In [1]:
import pandas as pd
from sklearn.model_selection import train_test_split
from sklearn.tree import DecisionTreeClassifier
from sklearn.metrics import accuracy_score, classification_report

# Load data
data = pd.read_csv(r'data\03_int\int_example_customer_simplified_no_transaction_matching.csv')

# Feature Engineering
# Create a feature for time since the last offer received
data['time_since_last_offer_received'] = data.groupby('customer_id')['time_hrs'].diff().fillna(0)

# Create a feature for time since the last offer viewed
data['time_since_last_offer_viewed'] = data.apply(lambda row: row['time_hrs'] - data[(data['customer_id'] == row['customer_id']) & (data['event'] == 'offer viewed') & (data['time_hrs'] < row['time_hrs'])]['time_hrs'].max() if any((data['customer_id'] == row['customer_id']) & (data['event'] == 'offer viewed') & (data['time_hrs'] < row['time_hrs'])) else 0, axis=1)

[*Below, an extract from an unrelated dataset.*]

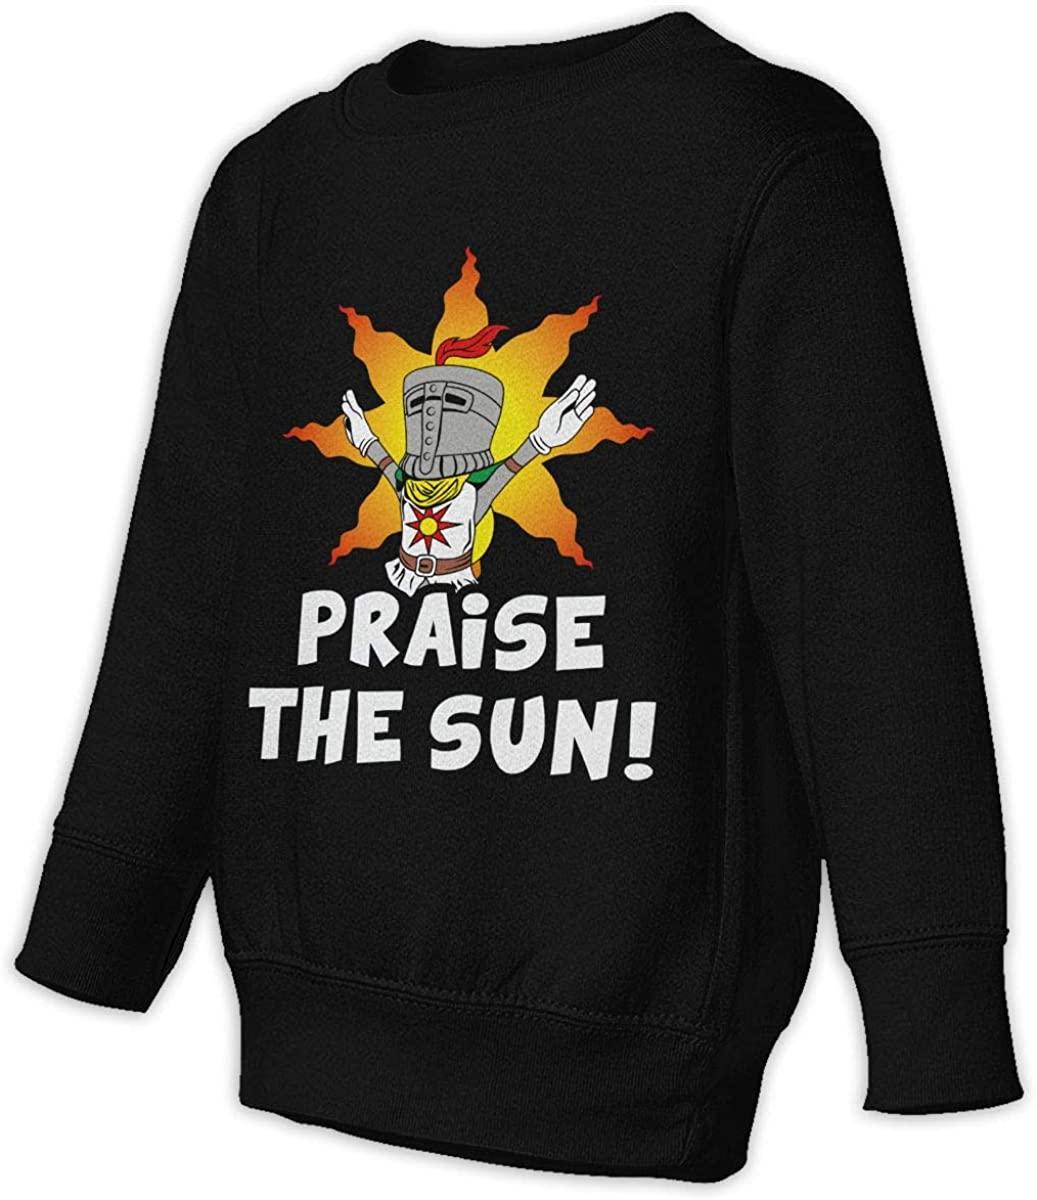 Praise The Sun Tarot Card Unisex Sweatshirt Youth Boy and Girls Pullover Sweatshirt Black

# Create a feature for time since the last transaction
data['time_since_last_transaction'] = data.apply(lambda row: row['time_hrs'] - data[(data['customer_id'] == row['customer_id']) & (data['event'] == 'transaction') & (data['time_hrs'] < row['time_hrs'])]['time_hrs'].max() if any((data['customer_id'] == row['customer_id']) & (data['event'] == 'transaction') & (data['time_hrs'] < row['time_hrs'])) else 0, axis=1)

# Filter for transactions
transactions = data[data['event'] == 'transaction']

# Drop rows with missing values
transactions = transactions.dropna(subset=['offer_id'])

# Encoding categorical variables
transactions['offer_id'] = transactions['offer_id'].astype('category').cat.codes
transactions['offer_type'] = transactions['offer_type'].astype('category').cat.codes

# Define features and target
X = transactions[['time_since_last_offer_received', 'time_since_last_offer_viewed', 'time_since_last_transaction', 'transaction_amount', 'offer_type']]
y = transactions['offer_id']

# Split the data
X_train, X_test, y_train, y_test = train_test_split(X, y, test_size=0.2, random_state=42)

# Train the model
model = DecisionTreeClassifier(random_state=42)
model.fit(X_train, y_train)

# Predict on the test set
y_pred = model.predict(X_test)

# Evaluate the model
print(f'Accuracy: {accuracy_score(y_test, y_pred)}')
print(classification_report(y_test, y_pred))

# Use the model to predict the offer_id for new transactions
new_transactions = pd.DataFrame({'time_since_last_offer_received': [value1], 'time_since_last_offer_viewed': [value2], 'time_since_last_transaction': [value3], 'transaction_amount': [value4], 'offer_type': [value5]})
predicted_offer_id = model.predict(new_transactions)


ValueError: With n_samples=0, test_size=0.2 and train_size=None, the resulting train set will be empty. Adjust any of the aforementioned parameters.